W Parczewie, zgodnie z tradycją, najwięcej klientów w sklepach a także w aptekach pojawia się w dni targowe, czyli we wtorki i w piątki. Zwykle przed niedzielą robi się większe zakupy. - Liczymy, że właśnie tego dnia będzie więcej osób, bo w tym tygodniu mamy wyjątkowo słaby ruch. To daje się zauważyć, gdyż realizujemy trzy razy mniej recept niż wcześniej - mówi Halina Tajer, kierująca jedną z kilku aptek działających w tym mieście.
Aptekarze podkreślają, że na ekonomiczne skutki trzeba poczekać. Liczą się jednak ze stratami, gdyż cena leków generalnie spadła, a Narodowy Fundusz Zdrowia mniej teraz refunduje i w efekcie chory płaci więcej. - Od kilku groszy do dwóch złotych mniej kosztują teraz leki, ale mówi się, że podrożały, dlatego że pacjenci więcej płacą. Tylko fundusz na tym zaoszczędzi - mówi Danuta Baran, właścicielka jednej z kilkunastu aptek w Białej Podlaskiej.
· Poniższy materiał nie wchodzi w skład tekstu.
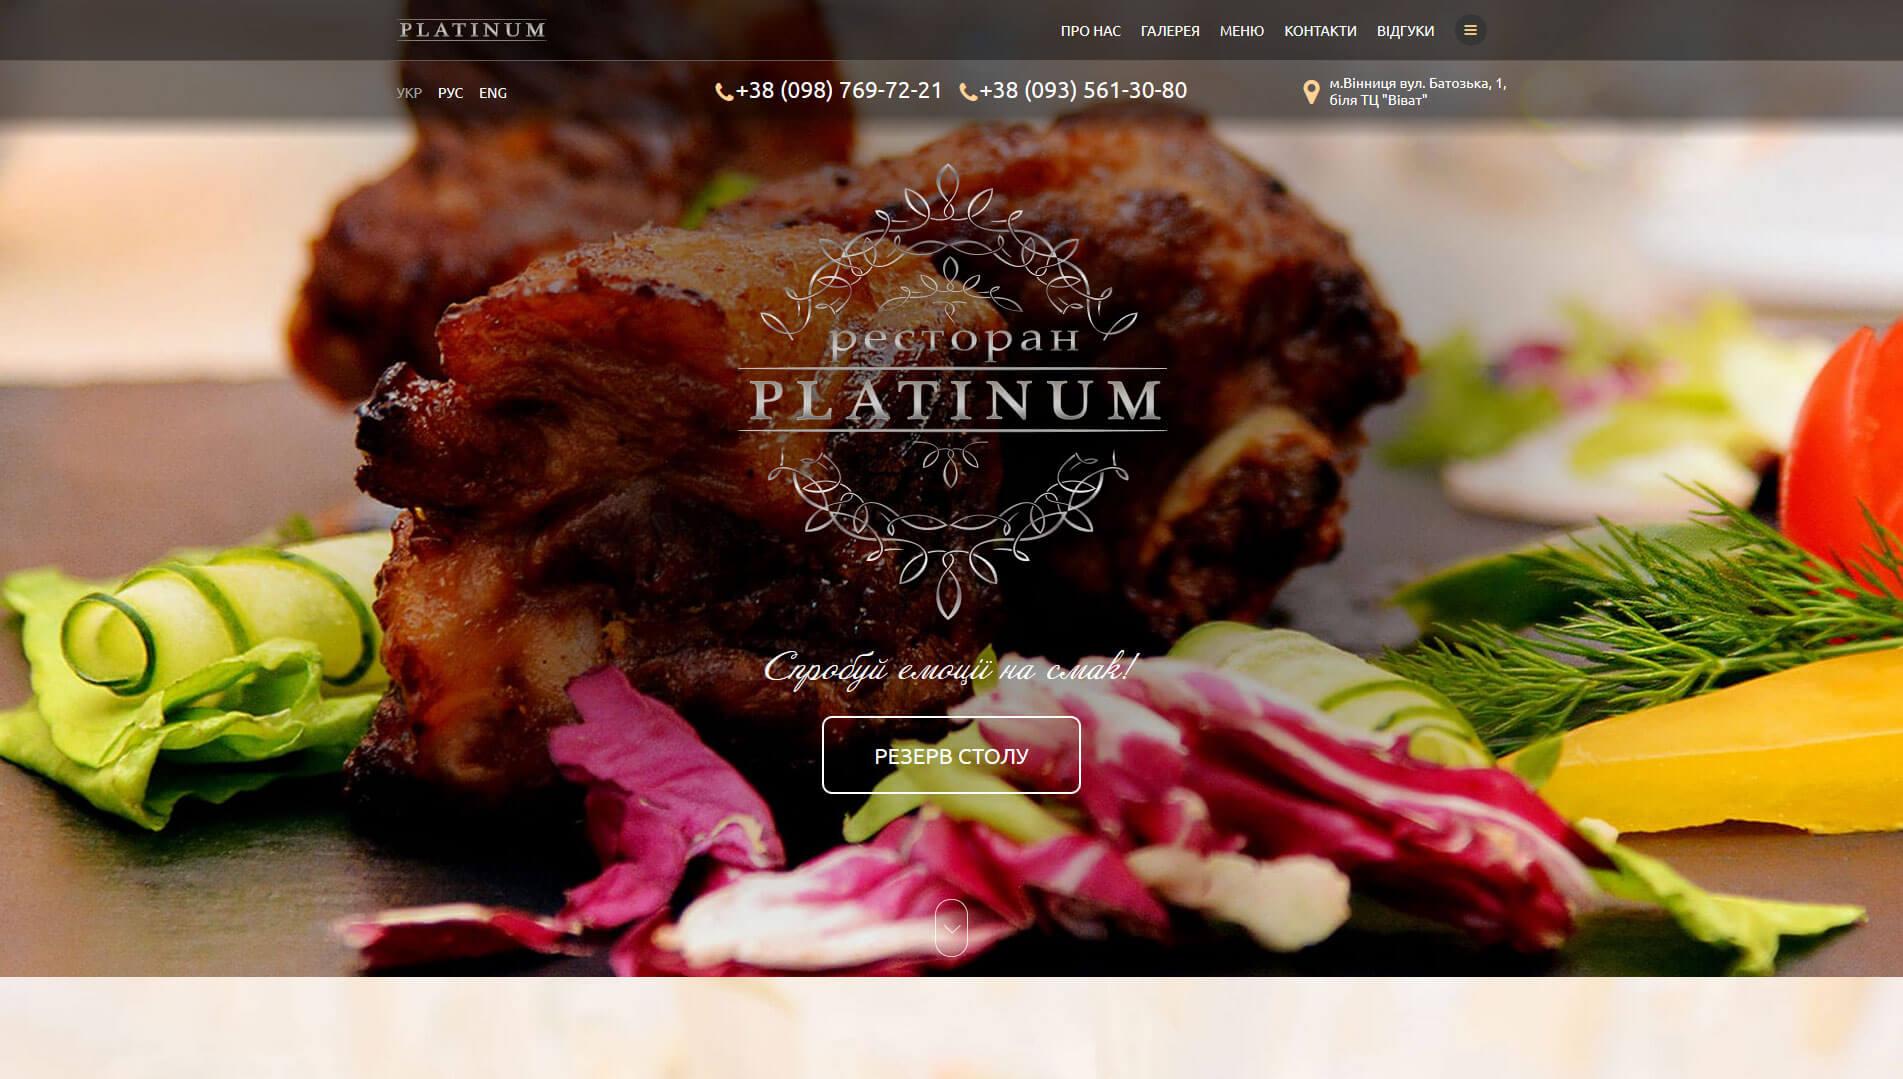 Создание сайта для ресторана Platinum

Nie mają teraz dobrego zbytu o wiele droższe w sprzedaży detalicznej leki cukrzycowe i astmatyczne. Pacjenci korzystają z domowych "magazynów”. Ale w związku z tym, że rusza sezon przeziębień i zachorowań na grypę, klientów będzie przybywać. Tak jak przedtem idą leki kardiologiczne.